9.6 Taking all of the available facts I believe that a reasonable person would be entitled to conclude the following:

(a) The decision to suspend me from duty was in fact taken by the Home Affairs Minister, in collusion with others, on the evening of Tuesday 11th November 2008. Civil Servants were then tasked with producing documents and a form of procedure to give this decision an appearance of legitimacy. Unfortunately (or fortunately in my case) this task was completed with exceptional incompetence and the flaws are evident.

(b) In our society, burglars, rapists and murderers are treated in accordance with prescribed rules of procedure and their rights to fair play and justice are respected. It is evident that the same consideration has not been given to the Chief Officer of Police. Since these events I have been approached by many islanders who have expressed their concern at what happened and have understandably asked “if they can do this to the Chief of Police and get away with it what might they do to others?”

Fortunately, everyone can be assured that I have no intention of adopting a supine stance. I have already received legal advice that the Minister has exceeded his powers and I have given preliminary notice of my intention to challenge the decision by way of judicial review. This will be the beginning of what could be a long high profile series of actions with all the regrettable publicity which such events entail.

10. I will now set out how these matters could have been approached in a calm, measured and discreet manner.

10.1 On the little information I have it appears that the alleged concerns of the Minister arise largely from the preliminary findings of a review, carried out by the Metropolitan Police, of the earlier stages of the historic abuse investigation. This review was of course carried out at my invitation. I understand that the review has highlighted some issues regarding the processes and management structures which were in place during the earlier stages of the enquiry and draws attention to the fact that these were not consistent with what is customary in London. I also believe, and I think that this is important, that none of the critical comments relate to anything in place in the force at the current time and that the review offers support for the structures which, during the course of the investigation, I have either put in place personally or directed others to put in place on my behalf.

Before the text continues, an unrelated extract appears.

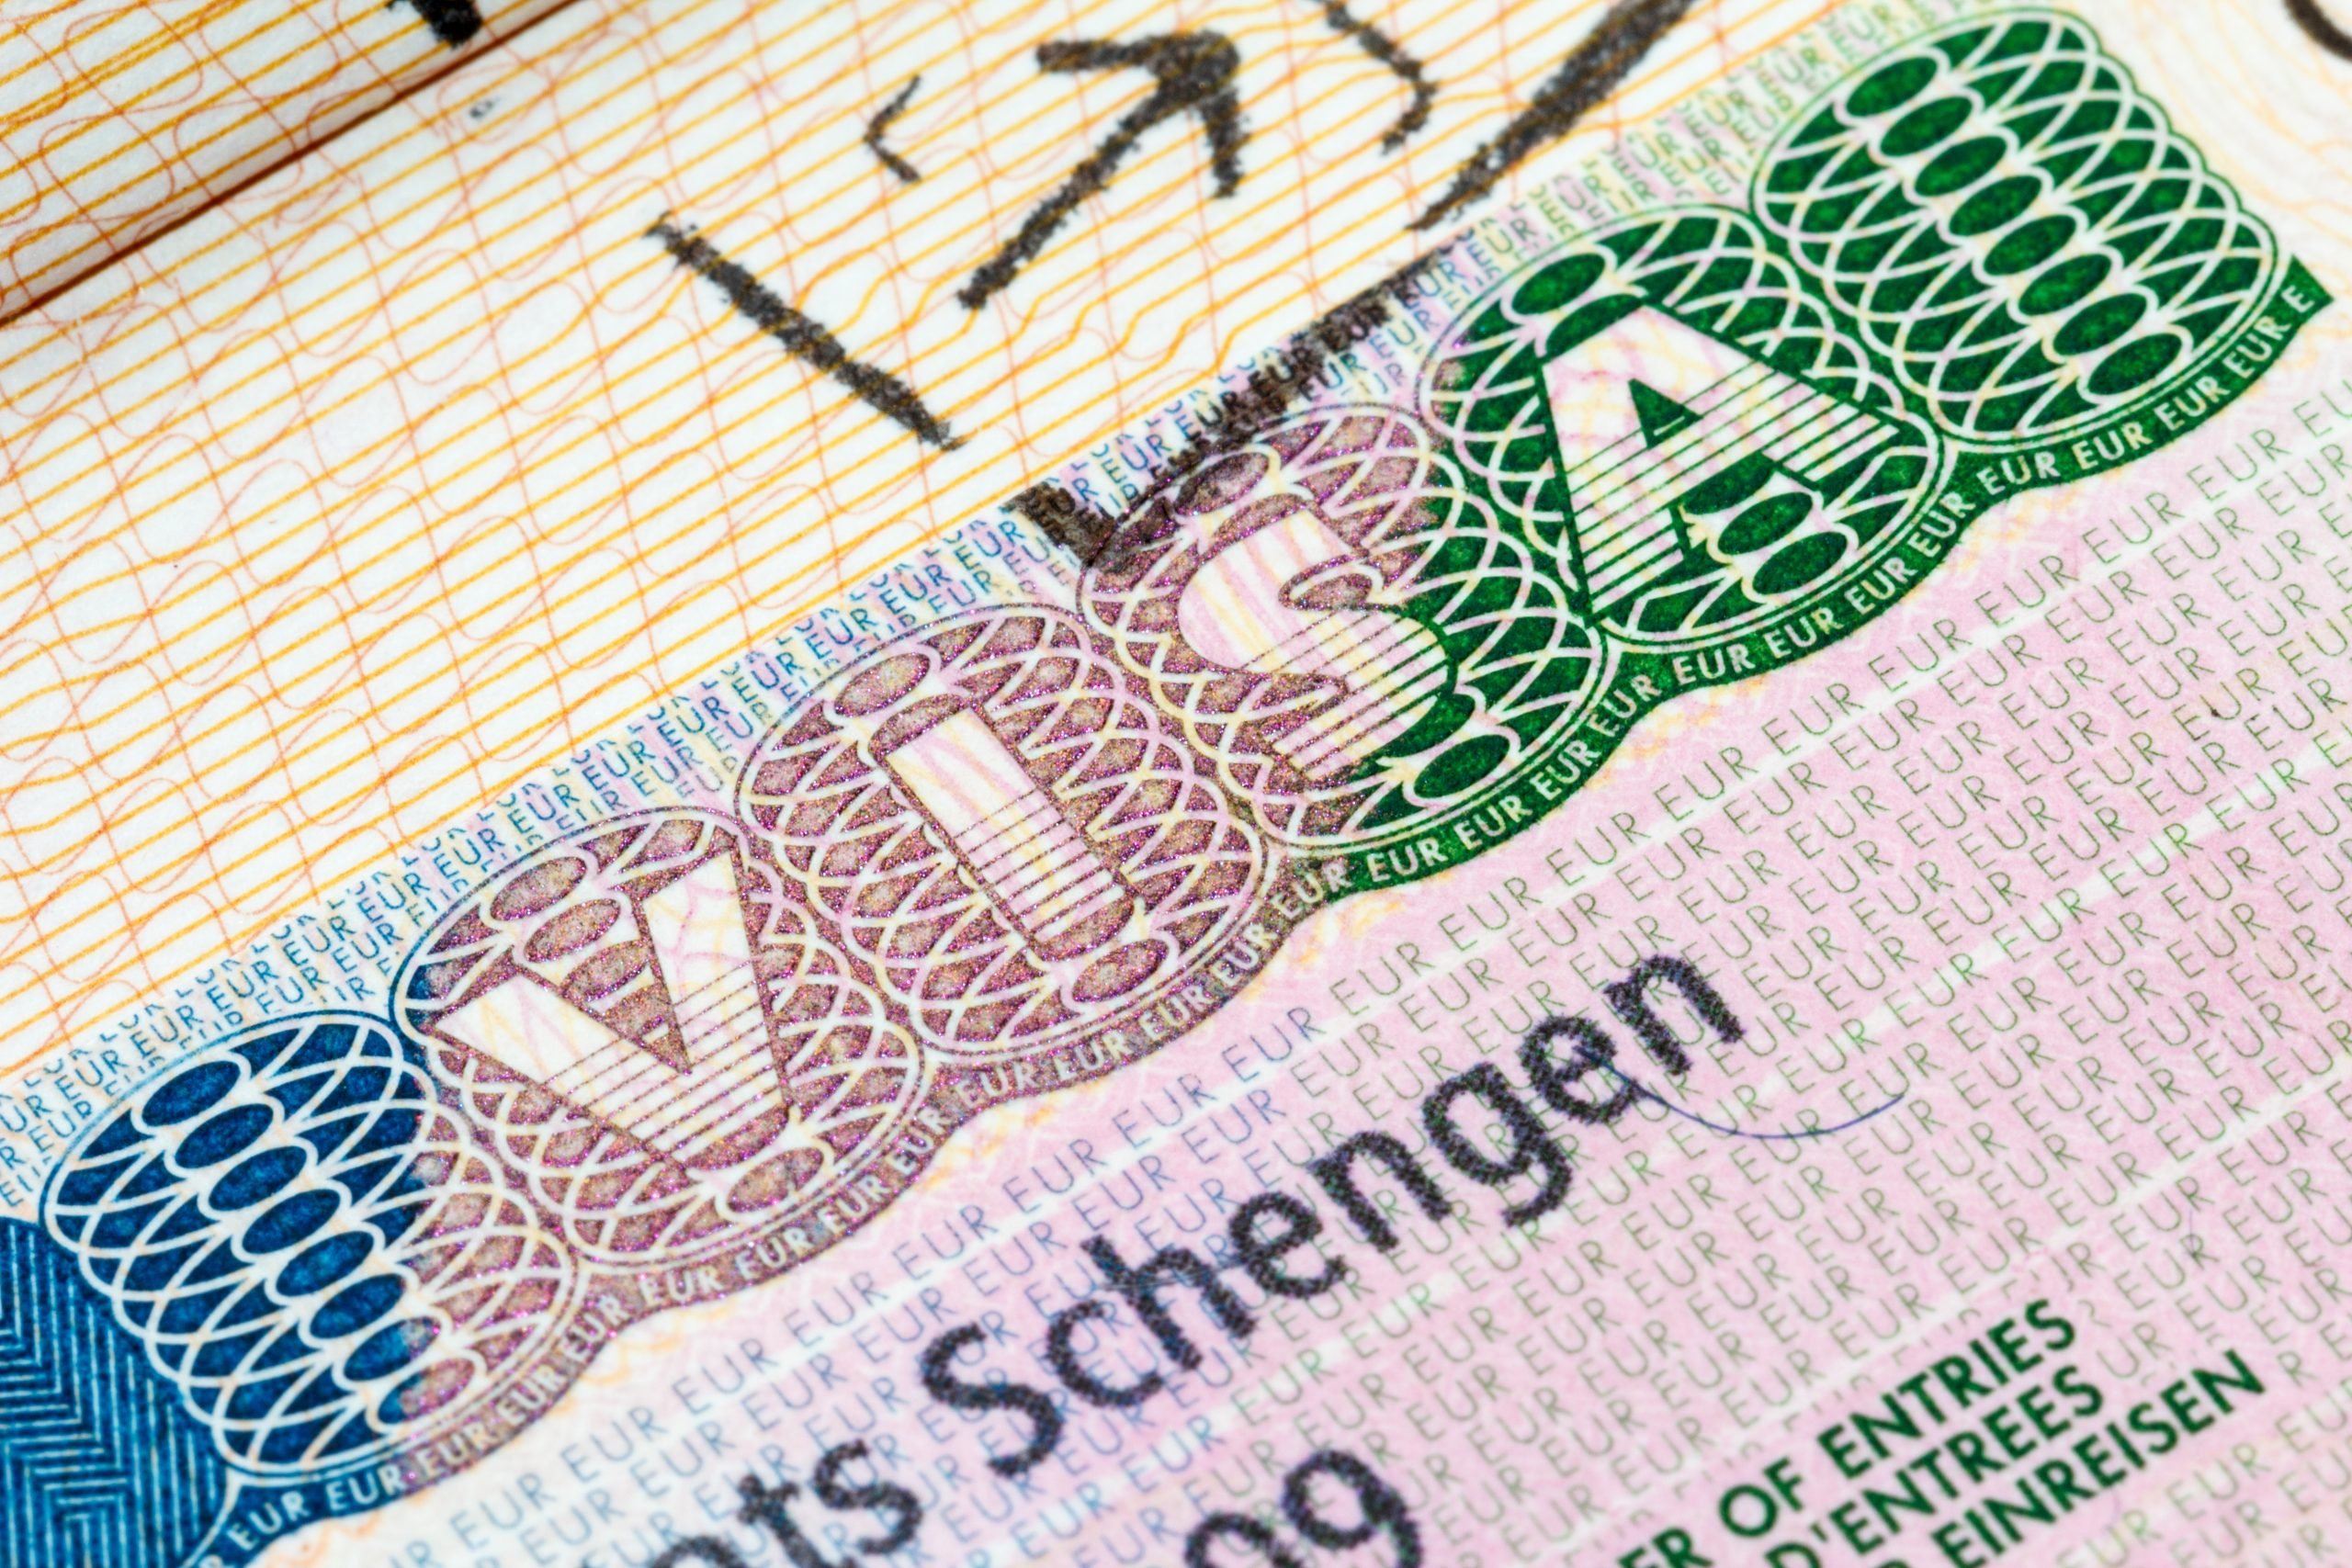 Visto Schengen em documento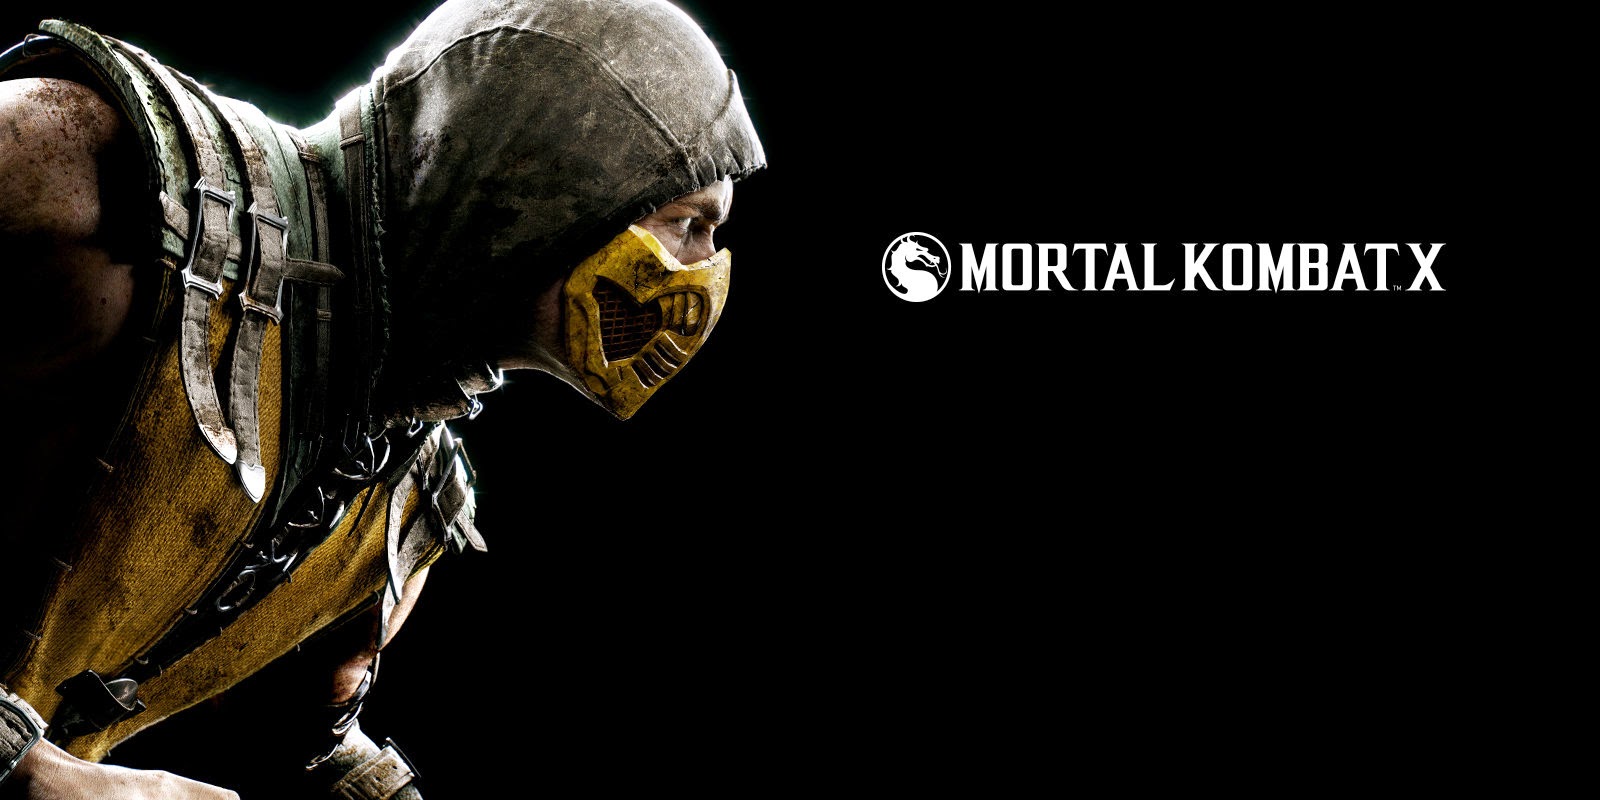 Mortal kombat x updates steam фото 64

10.2 It is quite normal for such a review to present challenges. If a Minister has any concerns in respect of matters raised then it would be reasonable and proper to ask the Chief Officer for a report. Had I been asked to do this I would have seen it as my duty to do readily as requested and would have provided a full and accurate account to the best of my ability. It is probable that in doing so I would have drawn attention to the complex and challenging nature of the enquiry in a small force with a small leadership team and in particular the fact that the force establishment provides for no role equivalent to Assistant Chief Constable (Crime) as is common in U.K. forces. (The Post of Assistant Chief Constable “Crime” or “Crime Services” is one which is occupied by a person trained and qualified in the exercise of strategic oversight of major crime enquiries. There is no equivalent post in Jersey.) I would also have drawn attention to how, in the absence of any locally qualified person, extensive use was made of external experts, appointed by the Association of Chief Police Officers. The appointed experts assisted in the earlier stages, made a series of written recommendations, and offered positive comment on the speed with which their recommendations had been put into effect.

10.3 I would also have reminded Ministers, including the Chief Minister, how they were given direct access to these specialists without either me or any member of the force being present, and how Ministers appeared to be satisfied with what they were told. Ministers might also have been reminded of my determined efforts, commencing in 2007, to persuade them that there were emerging skill gaps in the force which needed to be filled by at least one external appointment and how they and others raised a number of challenges which had the effect of delaying the implementation of those recommendations.

10.4 Had I been given an opportunity to submit a report in response to any concerns, the Minister might have been satisfied with what the report said and the matter could have been swiftly concluded. If he was not satisfied he could, if he felt justified, have sought independent advice. If any serious concerns were not resolved he could then have made reference to the discipline code and activated some of the early stages which provide for a number of possible outcomes. In the event none of this happened.

10.5 The Minister opted for immediate suspension, without asking for a report, without a preliminary investigation, without a hearing, and without offering me any representation. What could have been a calm and discreet internal process has been turned into continuing world news with all of the associated adverse consequences.

10.6 The task of preparing a report in response to the issues raised would of course require my access to documents, police buildings, and computer networks. The terms of my suspension now prohibit me from access to all of these things. It is therefore my position that not only have I been subject to an unjustified and unlawful suspension but that I have at the same time been placed under restrictions which effectively prevent me from preparing any defense to whatever is alleged.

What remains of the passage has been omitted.